Warhammer goes back to its original fantasy setting in Warhammer: The Old World this month

To my mind, the aesthetic of Games Workshop's original tabletop wargame Warhammer Fantasy Battle can be summed best by a Monty Python quote. It's the bit in Holy Grail where a commoner says he can tell Arthur must be a king because "he hasn't got shit all over him."

Though the grubby fantasy of old school Warhammer ended to make way for the shinier skirmish wargame Age of Sigmar, it still has plenty of fans—enough that Games Workshop is bringing it back under the name Warhammer: The Old World with a new edition launching on January 20.

The new rules blend those of various editions of Warhammer Fantasy Battle, and can be seen in play in the battle report above. Unlike Age of Sigmar or Warhammer 40,000 it's a rank-and-flank wargame where troops on square bases form up in units and positioning and line of sight are important considerations. You need a fair few models to make the average unit of archers or whatever, which is why it's nice to see Games Workshop officially endorsing the use of unit fillers to bulk out your regiments.
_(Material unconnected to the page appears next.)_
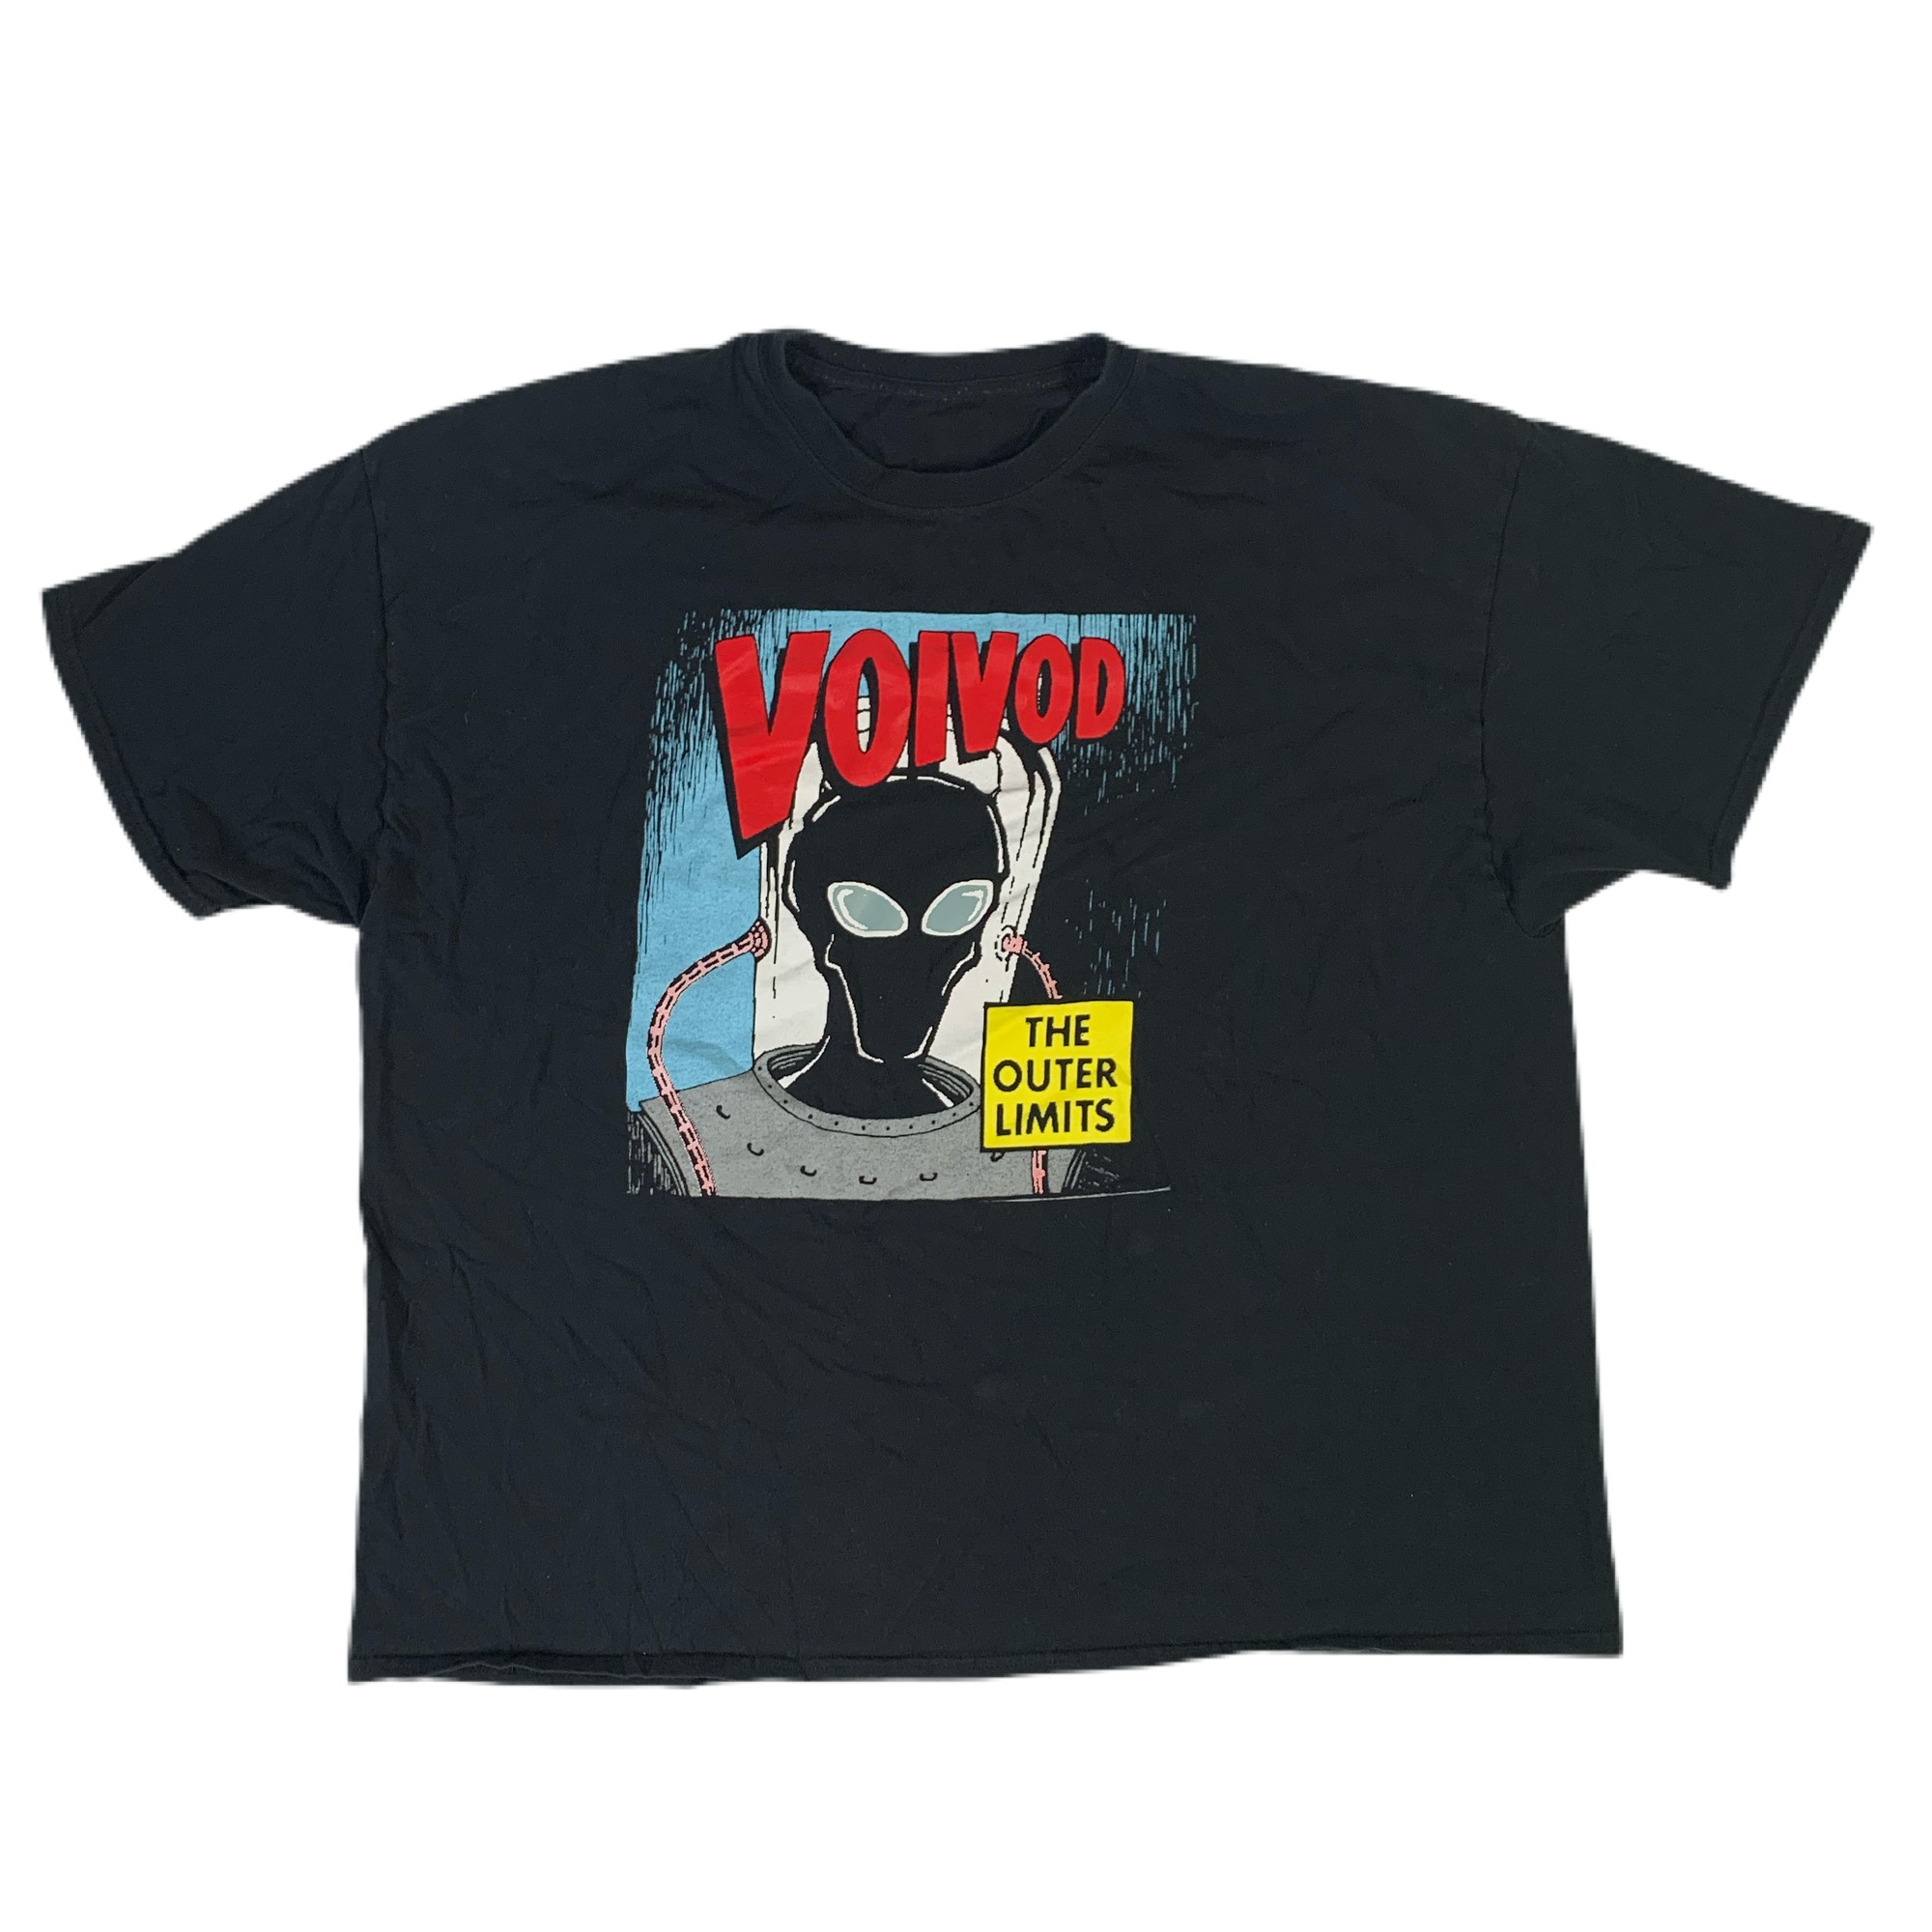 Vintage Voivod "Outer Limits" T-Shirt - jointcustodydc
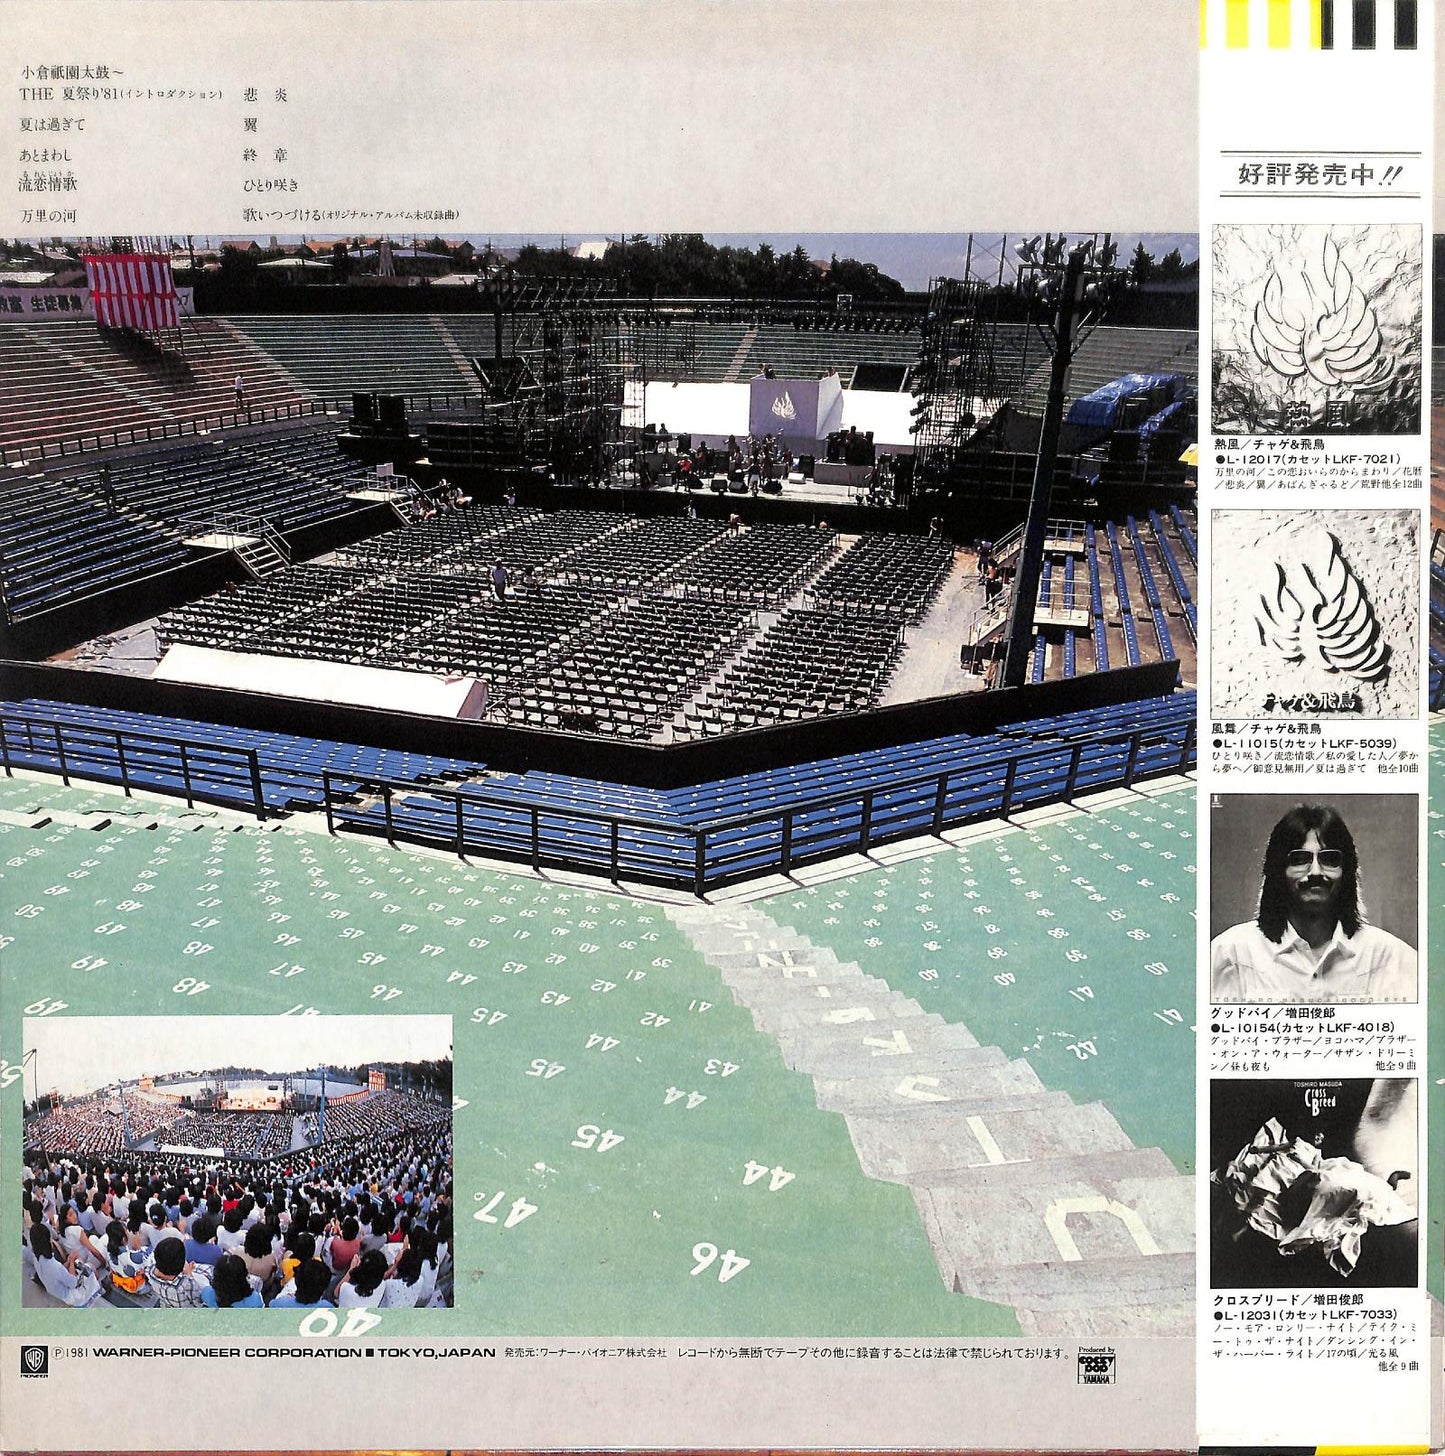 CHAGE & ASUKA - ライブ イン 田園コロシアム －The 夏祭り '81

Two boxed starter sets will be available if you don't happen to have an old army knocking around in a box somewhere: one for the Egyptian-themed Tomb Kings of Khemri and one for the "what if King Arthur was French" army of Bretonnia. The Bretonnians really exemplify that Monty Python divide, with an army combining armored knights with an underclass of filthy peasants whose oppression funds the knights' fancy gear, horses, and pegasi. There's a rule that knights are exempt from the normal panic test units have to make when they see an ally fleeing so long as that ally is a unit of peasants, because the knights just don't care.

Warhammer: The Old World has already gone up for preorder. There's a core rulebook and two army books, one collecting all the lists for good armies called Forces of Fantasy and one for evil armies called Ravening Hordes, which are a nice callback to the names of supplements for its first and second edition respectively.